Tax refunds put squeeze on the state's treasury
Hartford - Tax refunds are up, which is good news for Connecticut taxpayers but straining the state treasury, which will lead to more spending cuts.
Between July 1 when the state's budget year began and April 26, taxpayers received $827.8 million in refunds, up 18 percent from the same 10 months the previous year, according to the Department of Revenue Services.
The higher refunds are due to inaccurate tax withholding, taxpayers taking advantage of the new Earned Income Tax Credit and an early-year boom in the stock market, which caused some taxpayers to pay more in estimated taxes, Revenue Commissioner Kevin Sullivan said.
"We're paying more money than anticipated," he said.

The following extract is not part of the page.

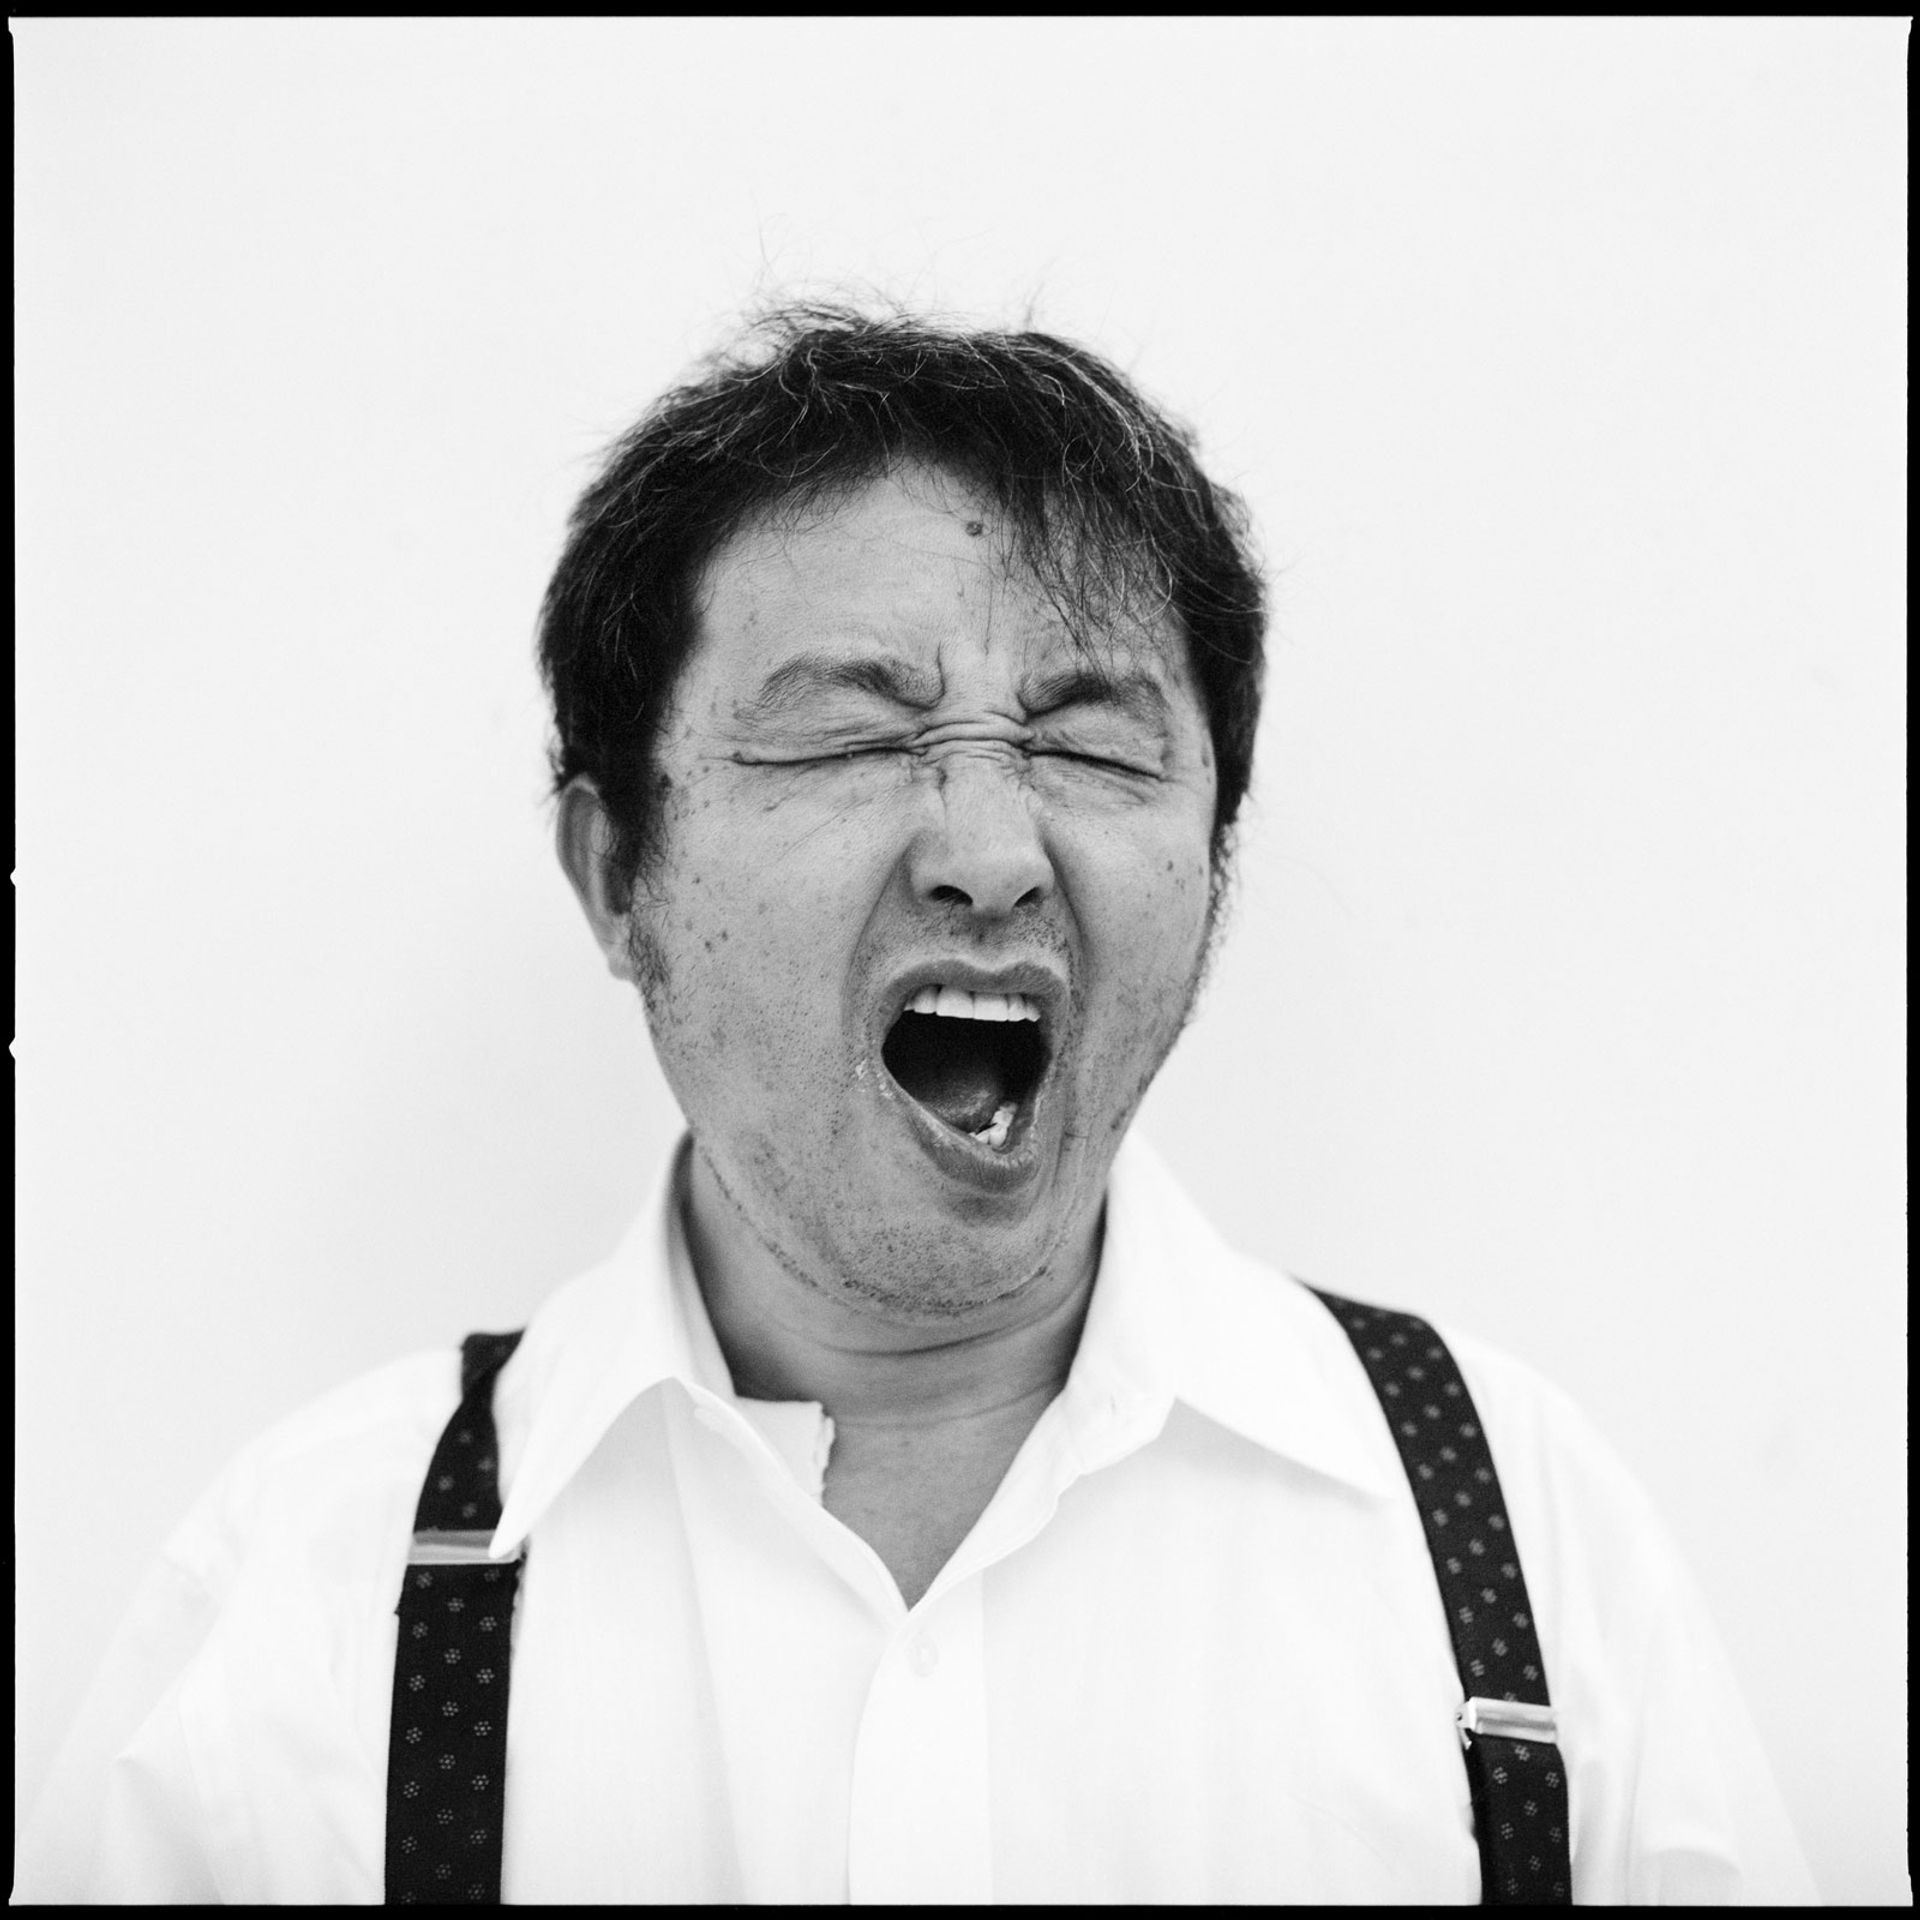 Nam June Paik yawning, photographed in 1993 by Roman Mensing © Roman Mensing, artdoc.de

Gov. Dannel P. Malloy and the legislature enacted income tax increases last year that were retroactive to January 2011. It caused year-end problems for employees who lost money to inaccurate withholdings in their paychecks. Taxpayers who were overtaxed are making up for it now with higher refunds.

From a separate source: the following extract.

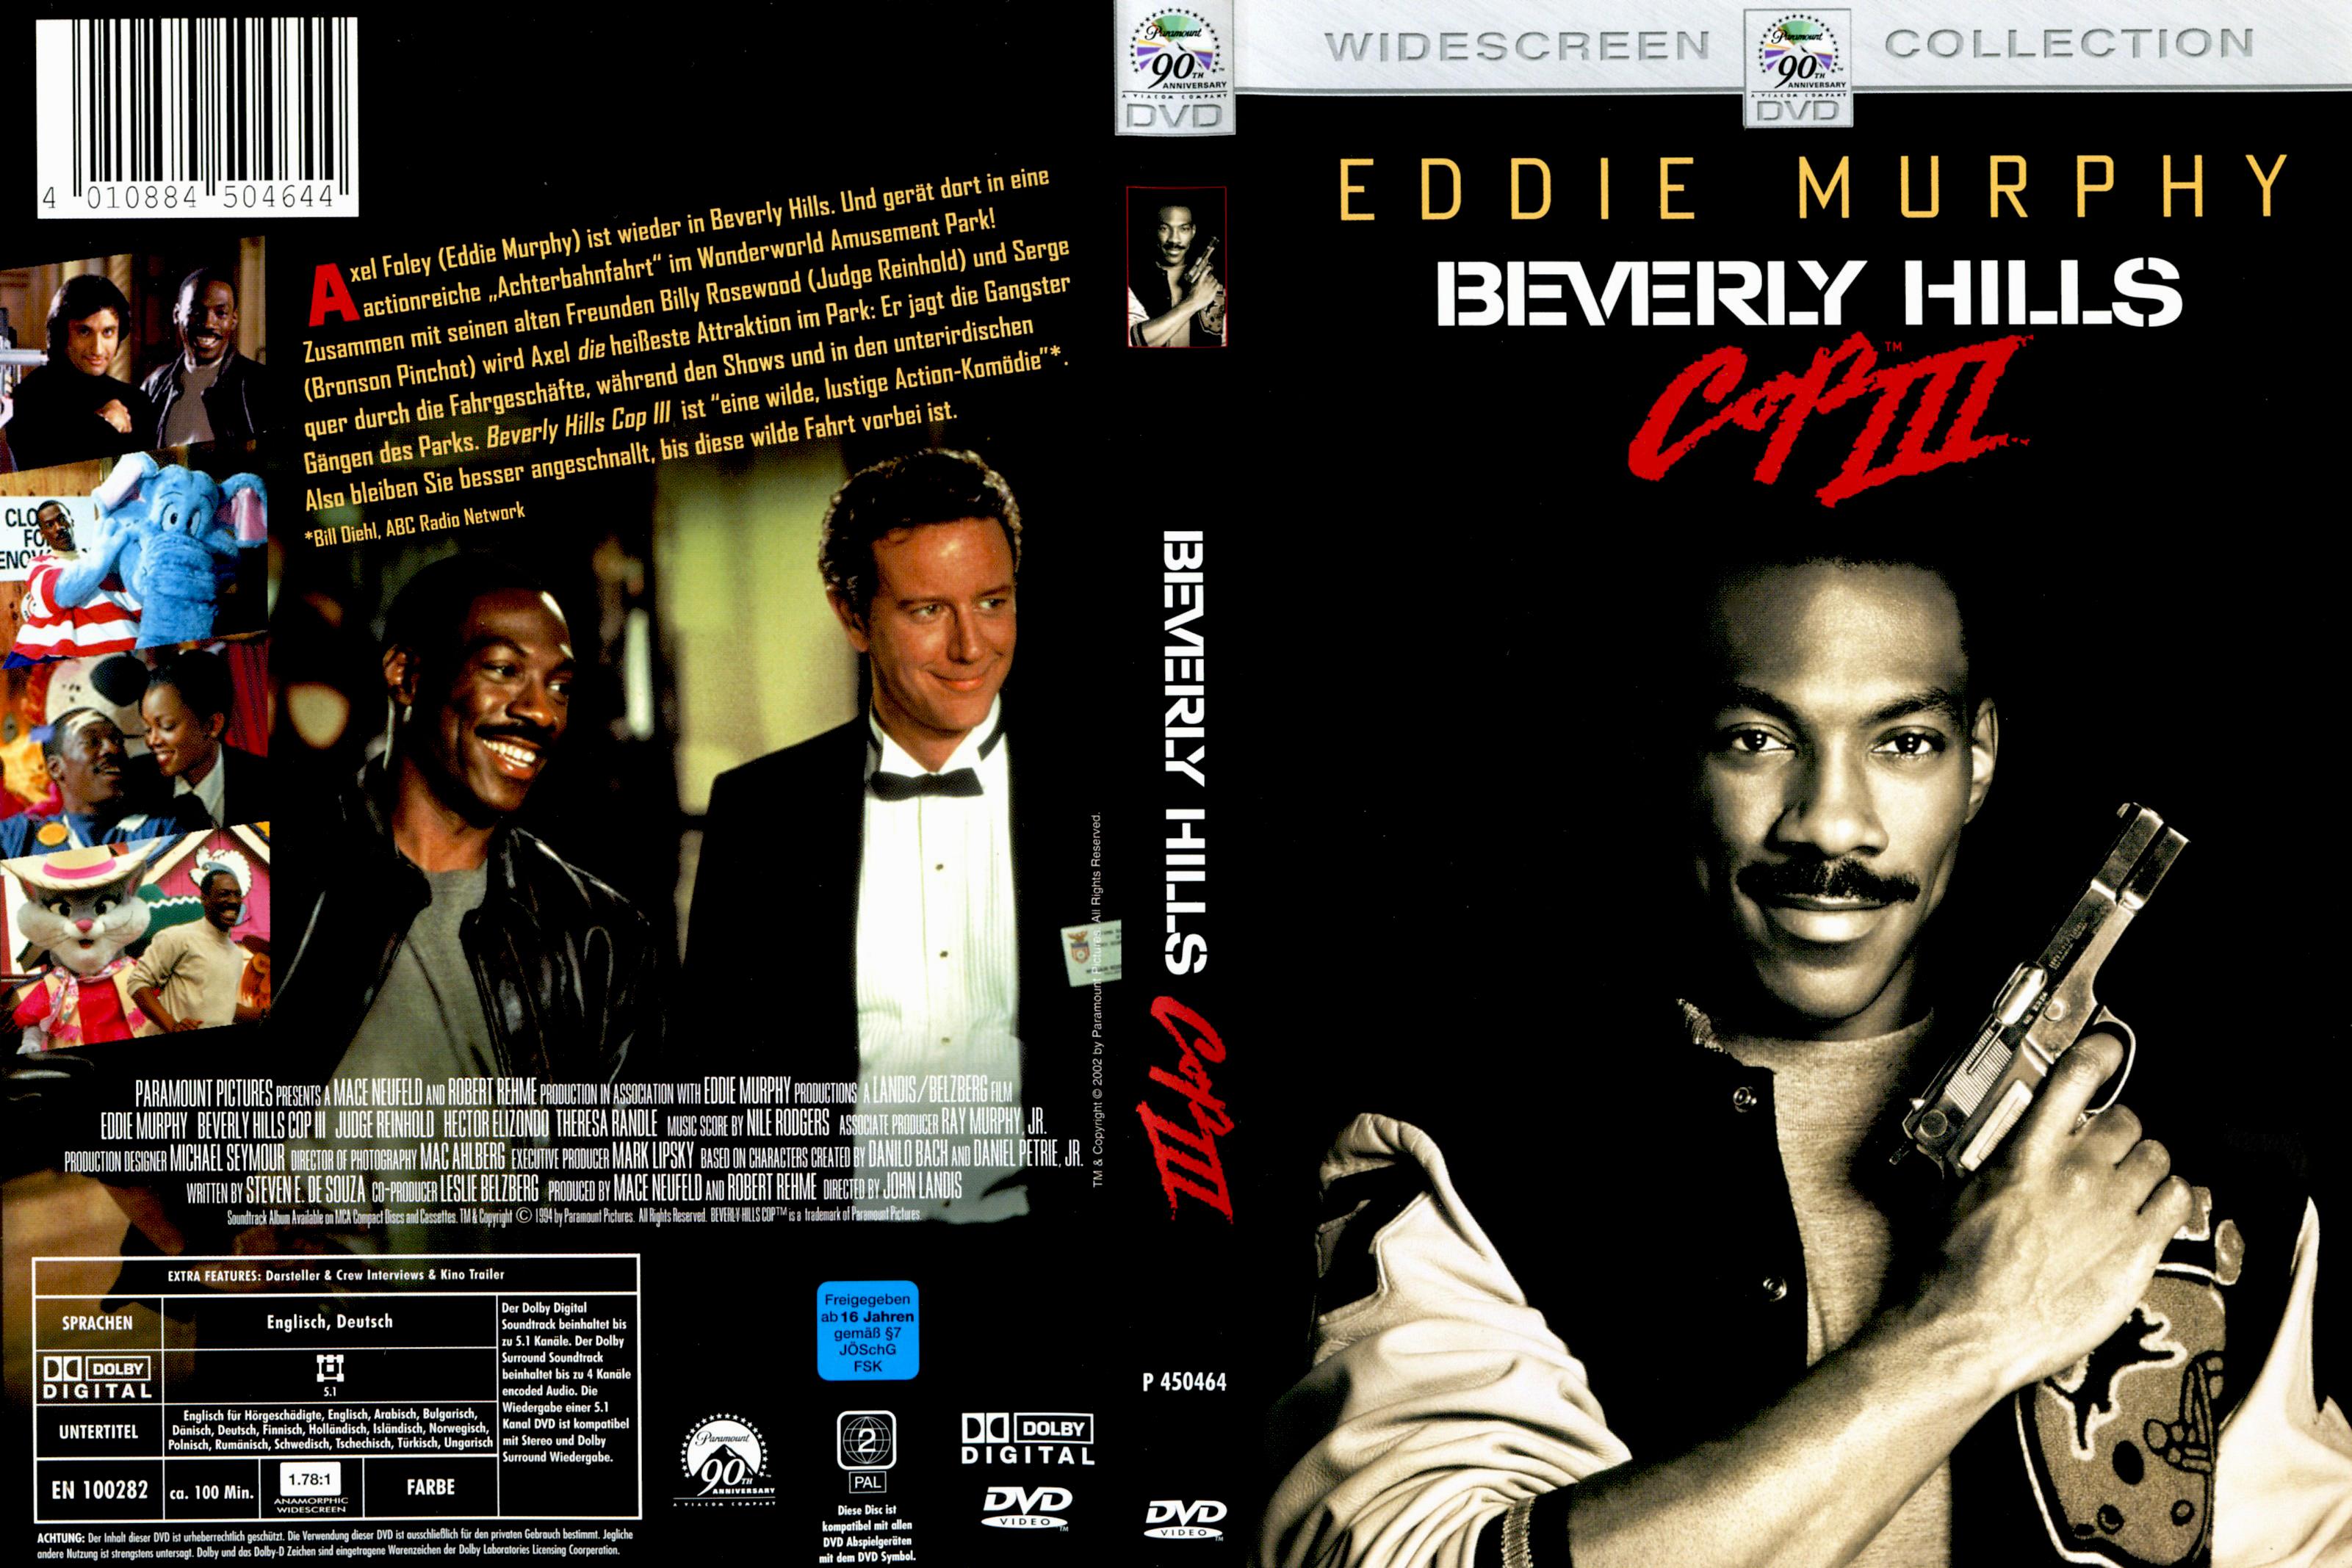 Beverly Hills Cop III #10

In addition, the Earned Income Tax Credit, which is intended to help low-income workers, provides credits of $137 to $1,700 for single heads of households with incomes of between $5,950 and $16,500 and up to $21,500 for joint tax filers. The tax credits amount to refunds.
For taxpayers who received a refund last year, refunds now would be larger because of the tax credit, Sullivan said.
A third reason explaining the higher refunds is that taxpayers who pay estimated taxes appeared to make very large payments in the first three months of the year in anticipation of the higher income taxes or who "were having a better year in the stock market," Sullivan said.
Whatever the reason, the increased refunds are adding pressure to an already unbalanced budget. The state expects refunds will total more than $1 billion, about $70 million more than anticipated.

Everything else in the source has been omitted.